# Usb replaced, not working



## Blasirl (Mar 31, 2015)

I don't know if this number is still valid, but i found this on another forum: The GM Infotainment team can be reached at 855-478-7767. The hours of operation are 8:00am to 10:00pm EST, and they are open seven days a week.




https://my.chevrolet.com/content/dam/gmownercenter/gmna/dynamic/manuals/2014/chevrolet/cruze/2k14cruze_info2ndprint.pdf


----------



## Mattmiller75 (Jul 3, 2020)

Thank you, I'll contact them about it,appreciate the info


----------



## Chelovekpauk (Aug 7, 2021)

Mattmiller75 said:


> So my factory usb port that I use to connect my music on my phone to the stereo got a bent pin.so I ordered a genuine gm replacement usb port.just pulled the old one out, checked the fuses, they were fine, and plugged in the new one.doesnt work.it charges my phone, but the usb option on the computer screen on the dashboard wont let me select it.tried an android and an iPhone.i did a gm global reset by disconnecting battery, connecting pos and neg cables to drain remai I g power in computer for a full 15min, then reconnected it, nothing. Any idea before i send the part back?

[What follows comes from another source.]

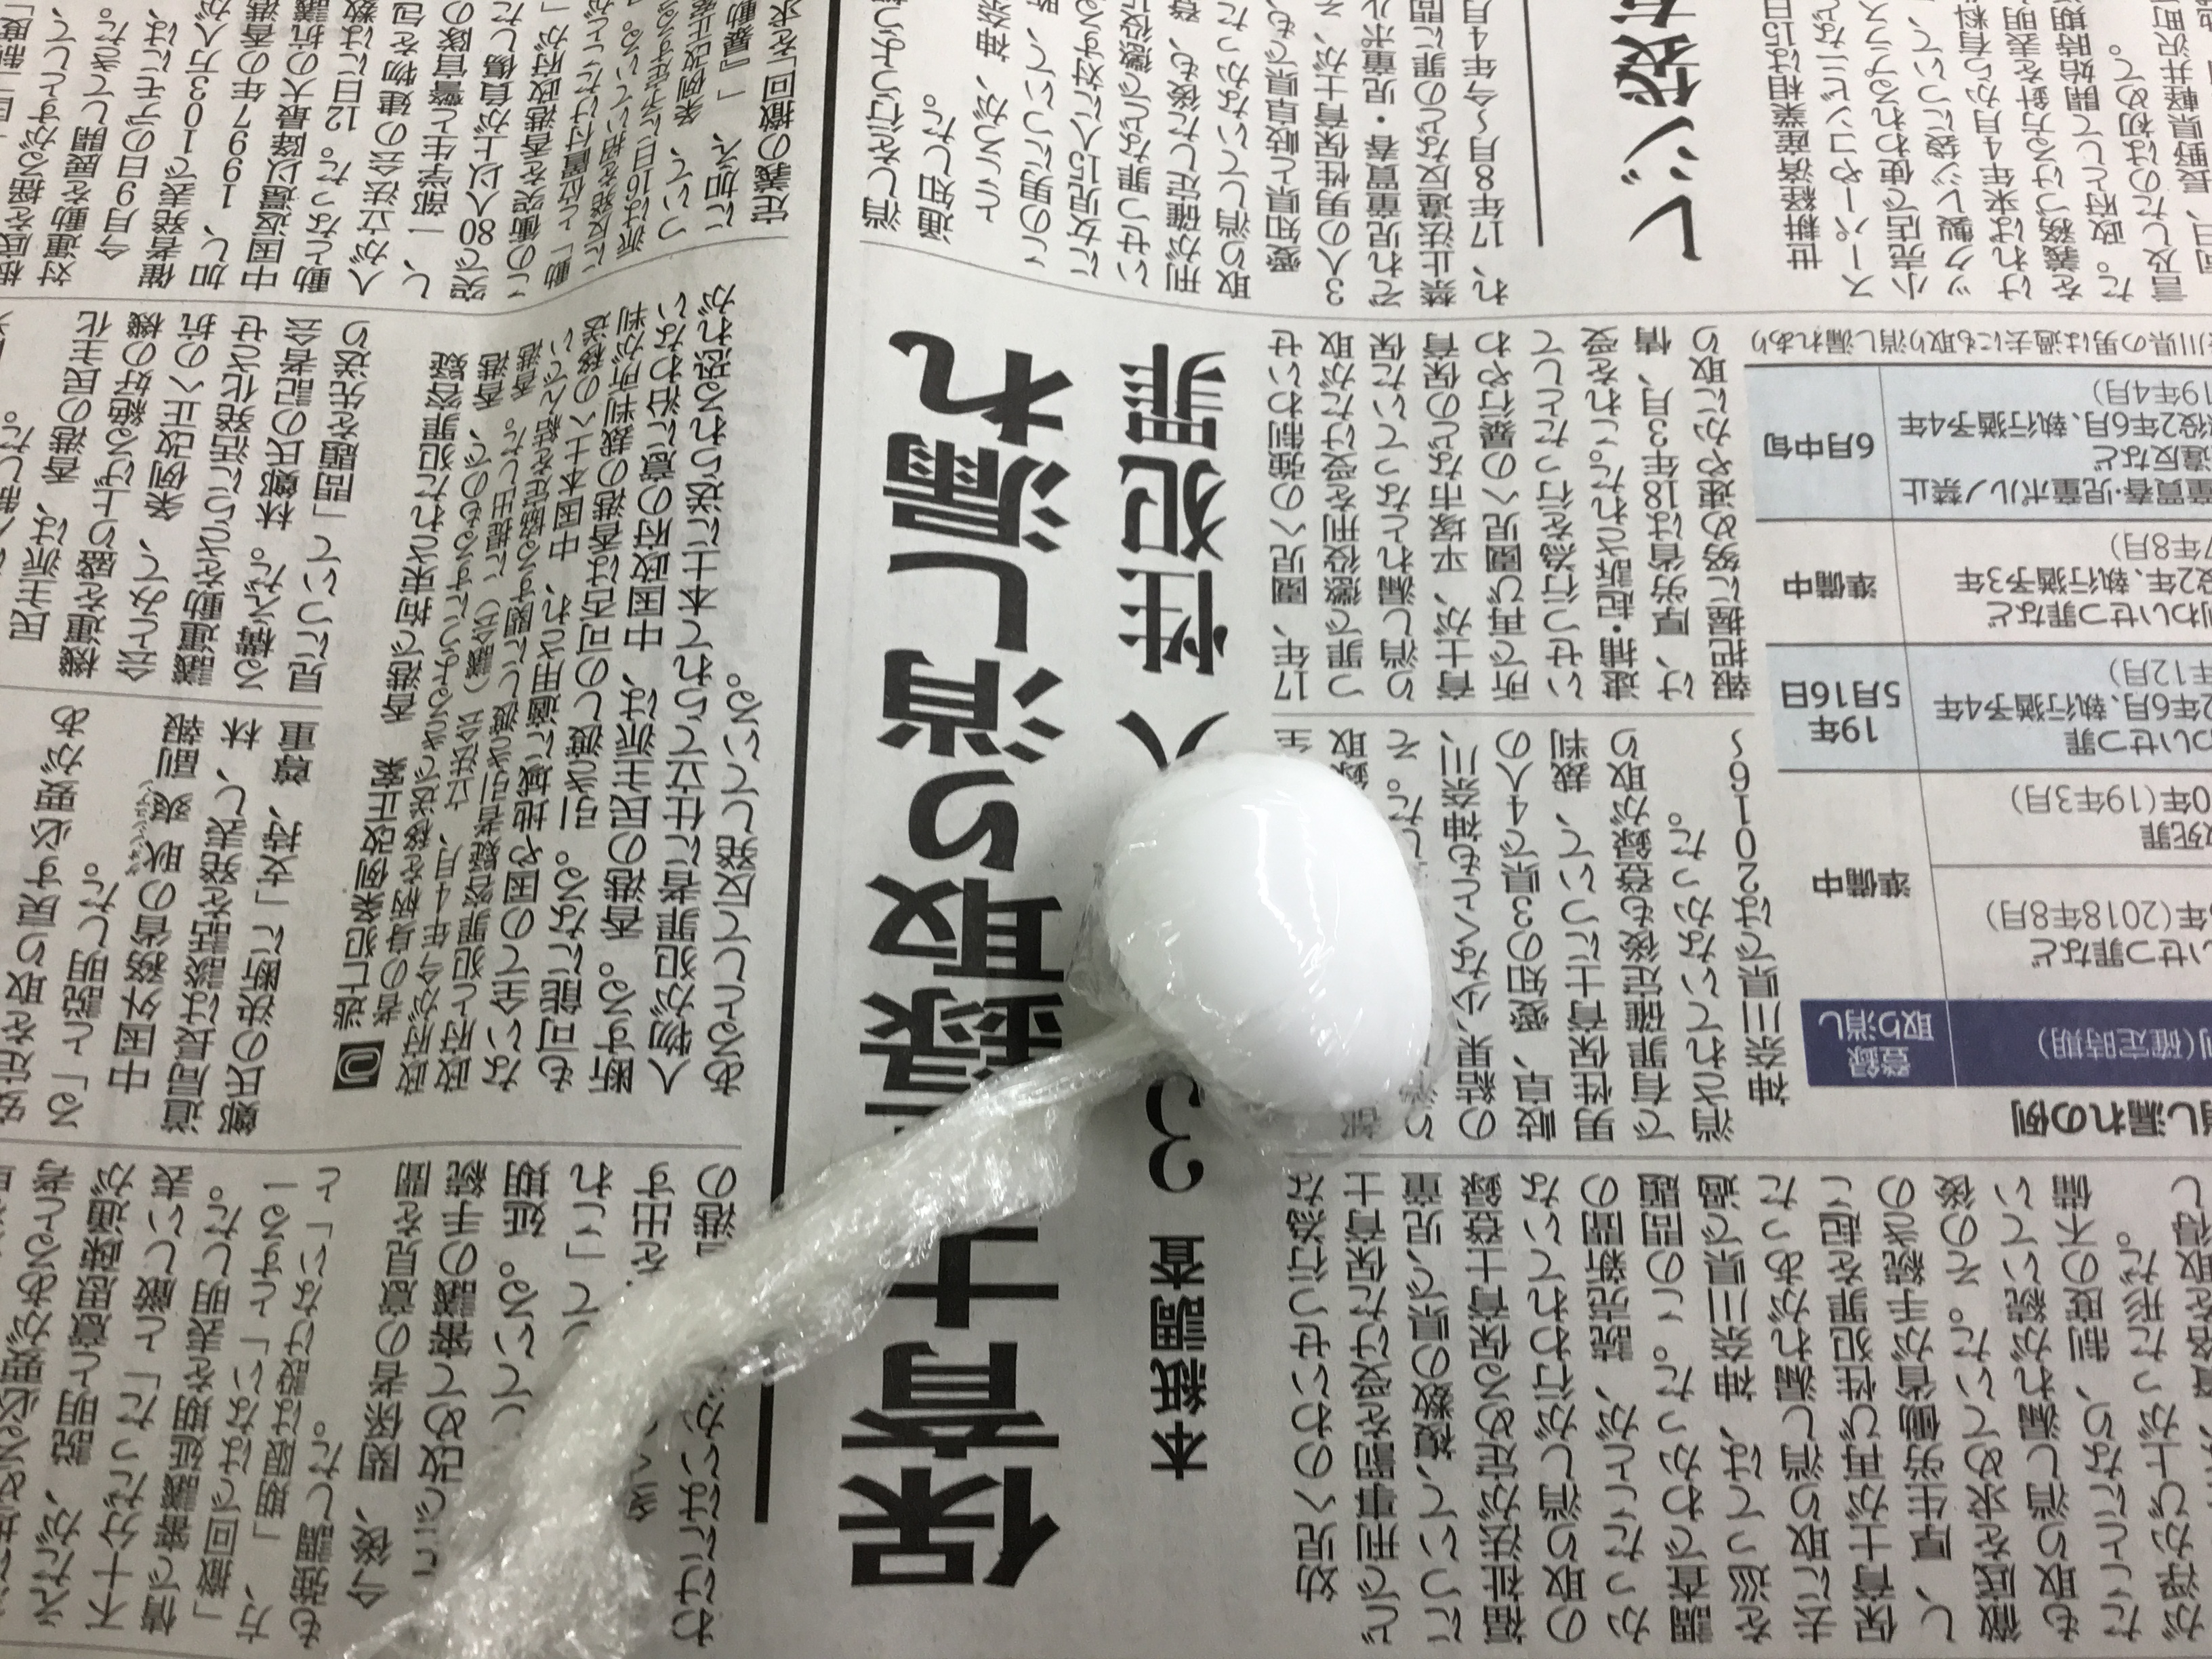 固まったら新聞紙の上に置いて乾かします
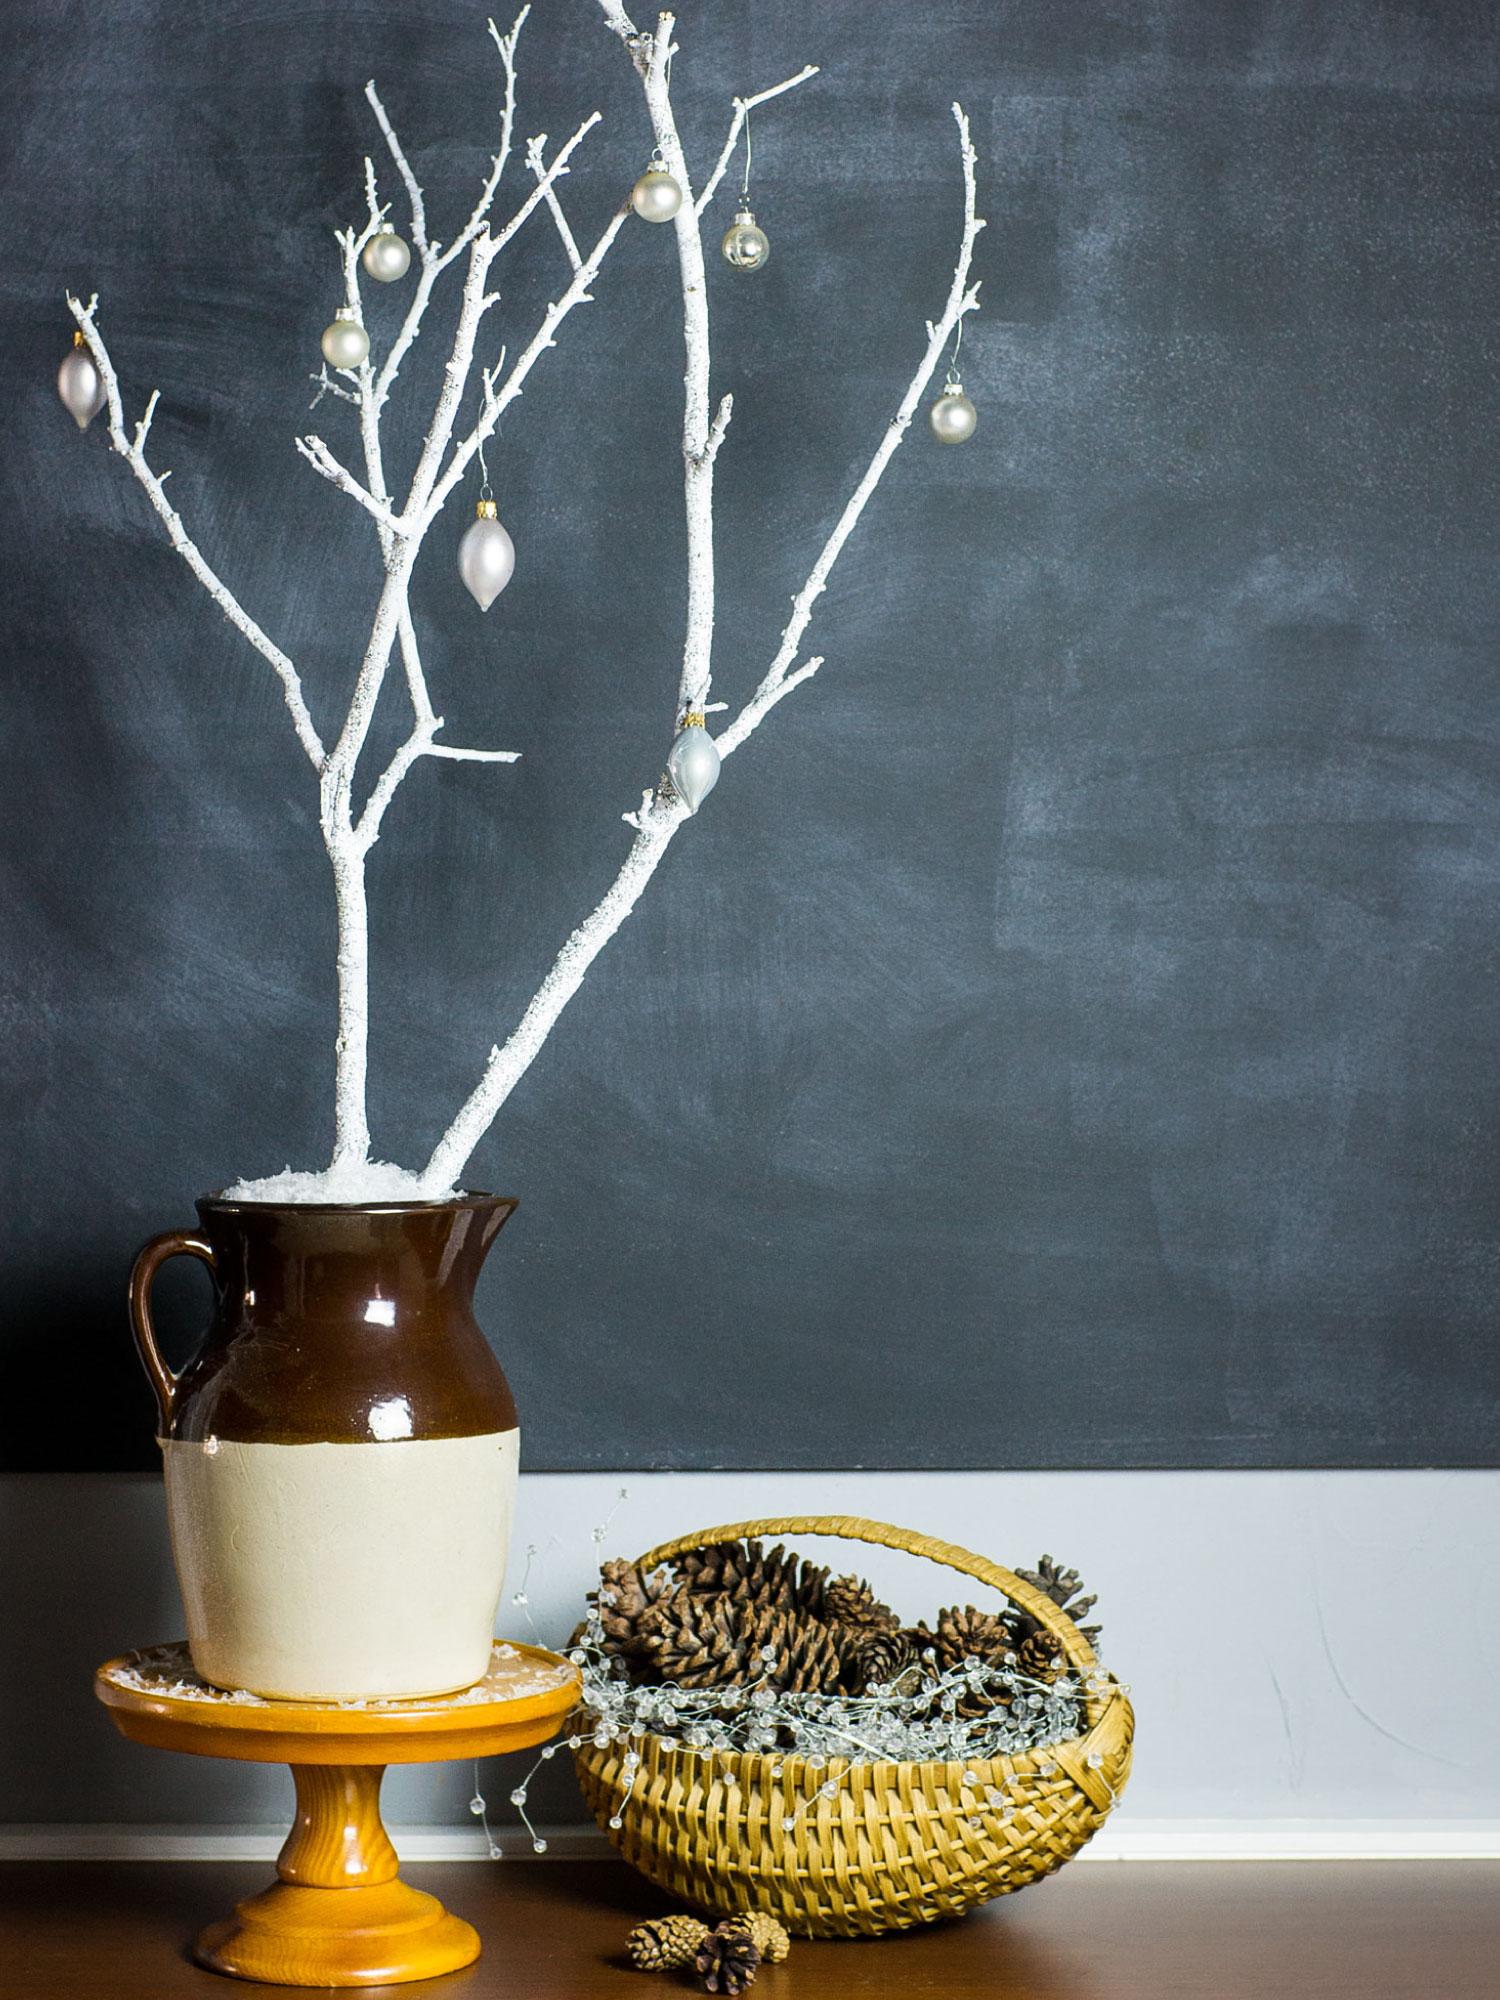 Glitter Branch Decor by Sam Henderson of Today's Nest for HGTVGardens,

Hi, you found a solution to this problem, i have same problem. Usb charge my phone but not connection with monitor, and Bluetooth connenction lost sometime.


----------



## Cruzifer Skunk (Oct 30, 2021)

Did you find a solution for this problem yet?


----------



## Blasirl (Mar 31, 2015)

Cruzifer Skunk said:


> Did you find a solution for this problem yet?


Welcome Aboard!

The OP has not been online here since the day after he posted this. Better off starting your own thread.

Don't forget to introduce yourself and your cruze here.


----------